:: Exercise ::
Transcribe the listing that follows in full, omitting pictures.

:: Available data ::
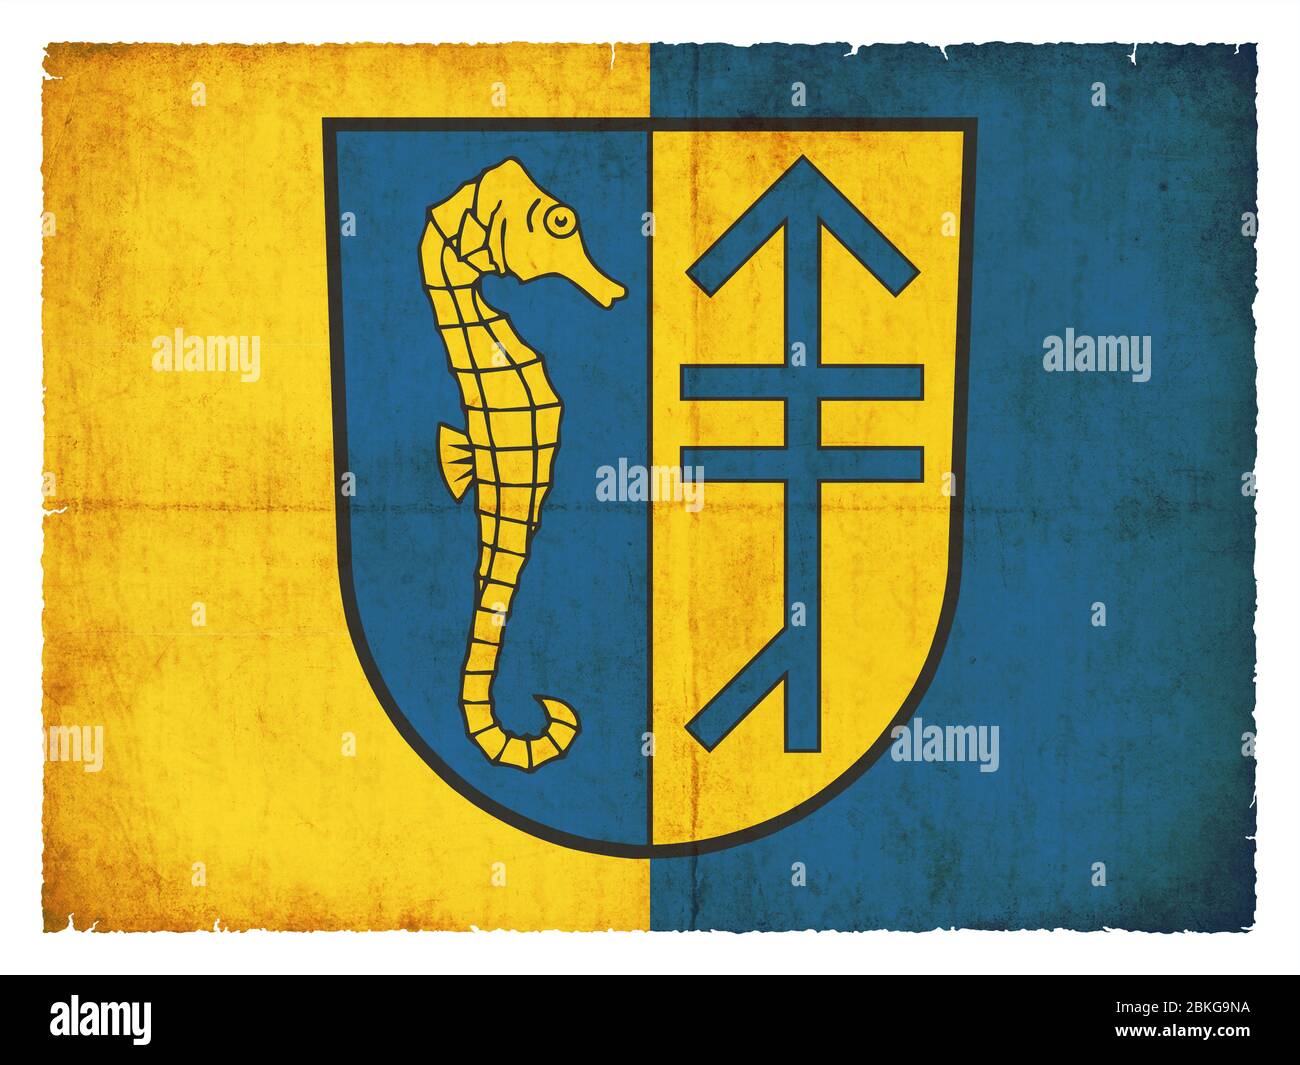 Bandera de la isla alemana Hiddensee (Mecklemburgo-Pomania Occidental) creada al estilo grunge Foto de stock
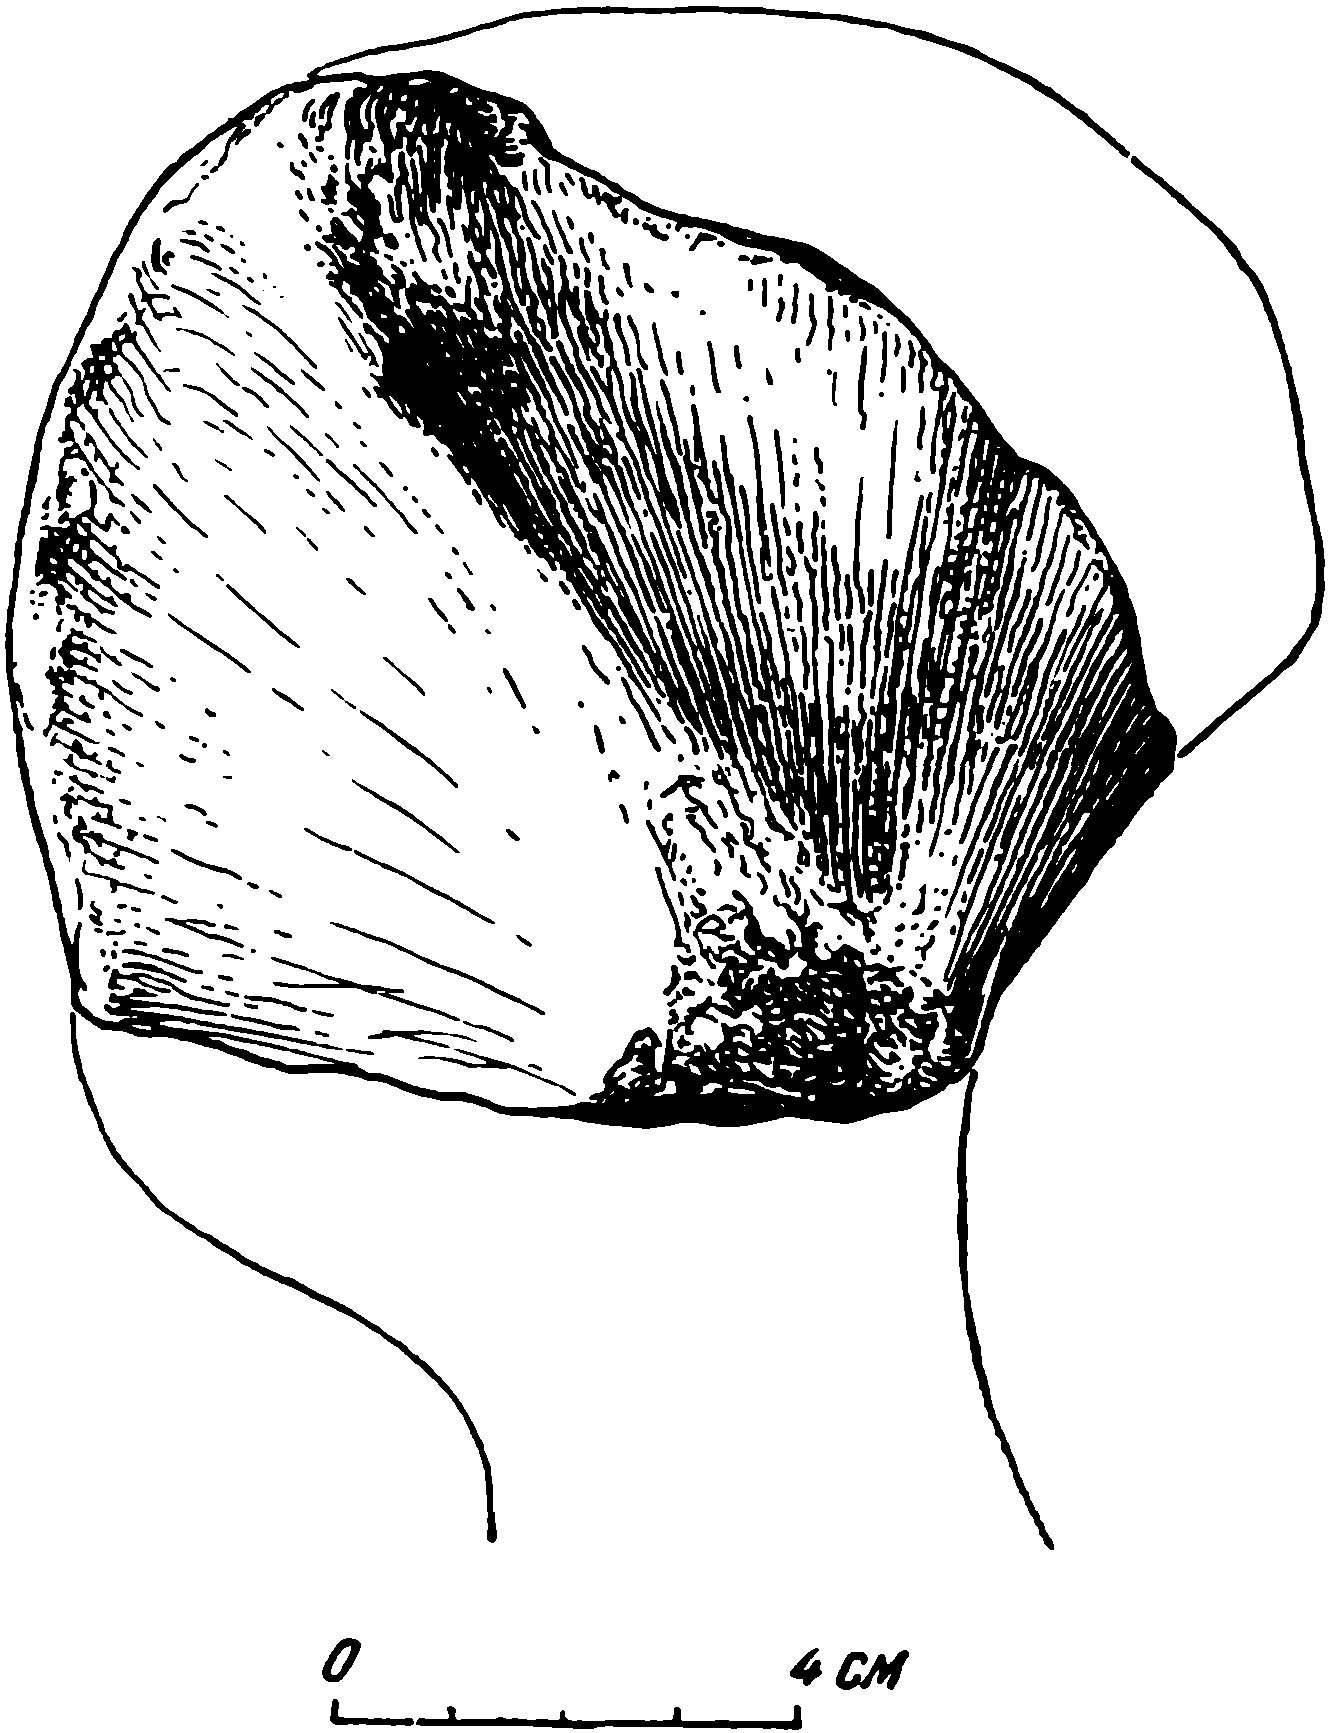 Рис. 64. Phreatosaurus bazhovi gen. et sp. nov. Левая плечевая кость, обломок проксимальной части, ПИН № 294/15. Дорсальная сторона
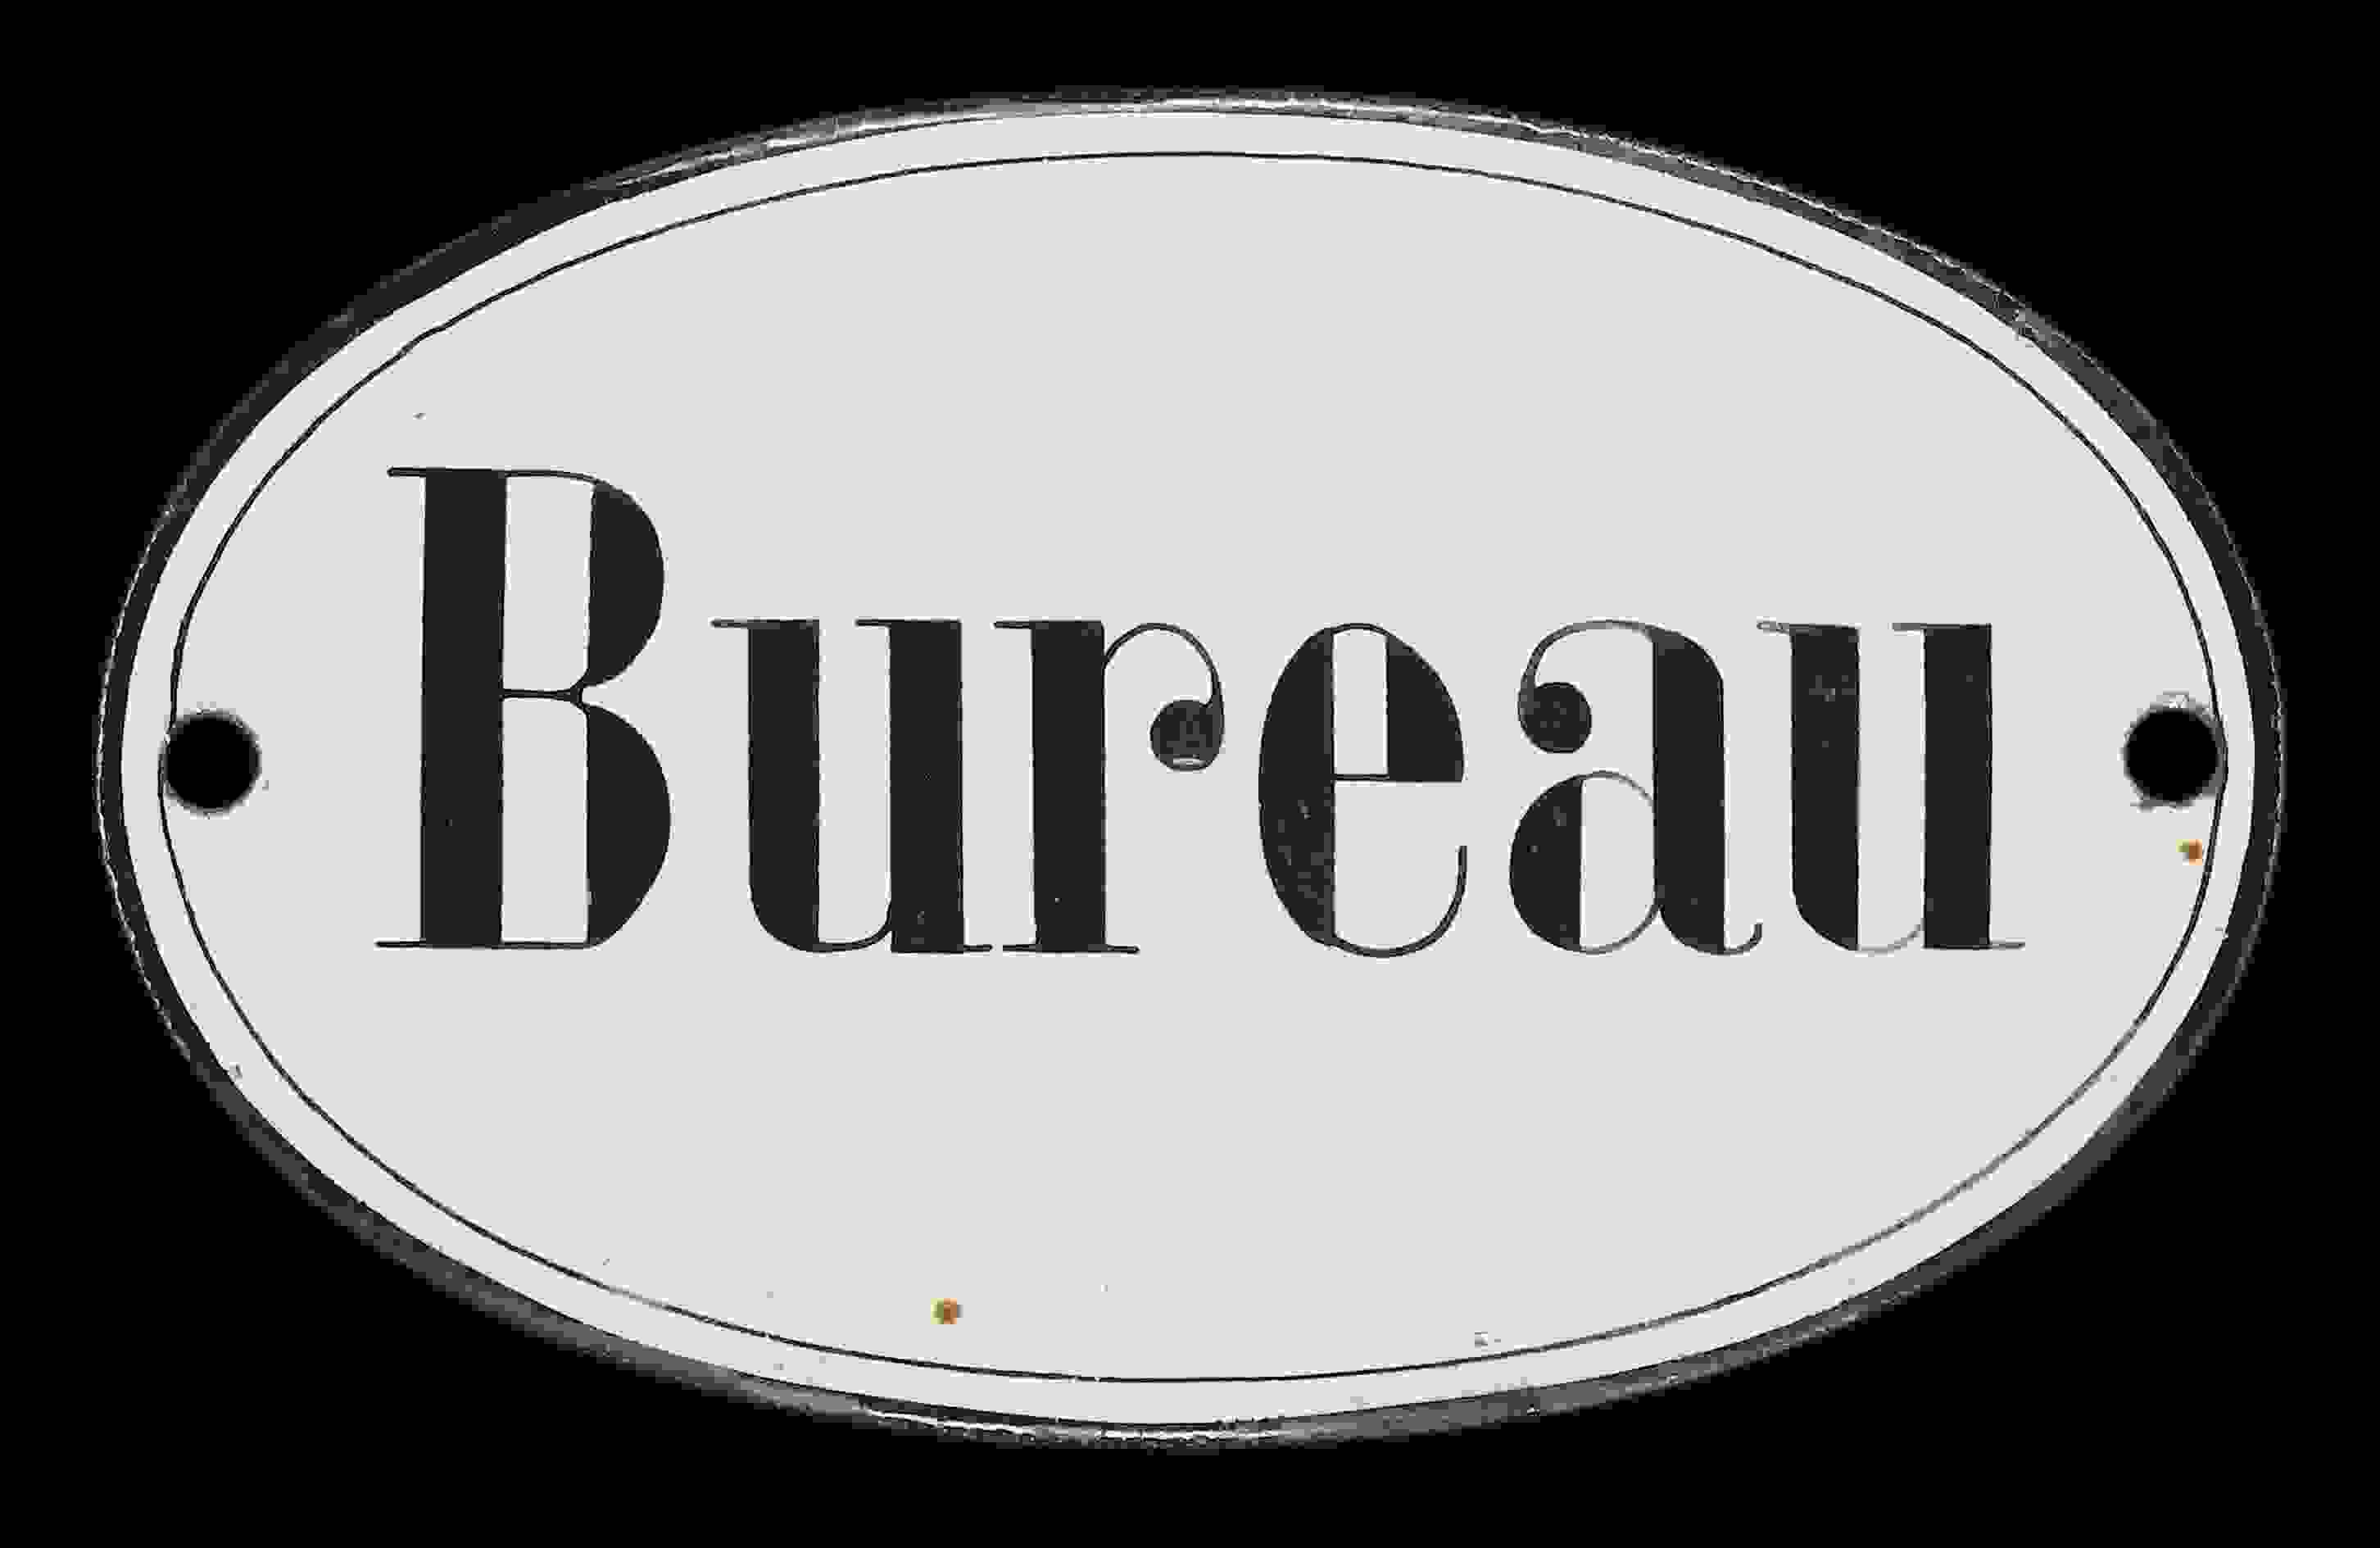 Bureau

:: Written solution ::
 Bandera de la isla alemana Hiddensee (Mecklemburgo-Pomania Occidental) creada al estilo grunge Foto de stock
 Рис. 64. Phreatosaurus bazhovi gen. et sp. nov. Левая плечевая кость, обломок проксимальной части, ПИН № 294/15. Дорсальная сторона
 Bureau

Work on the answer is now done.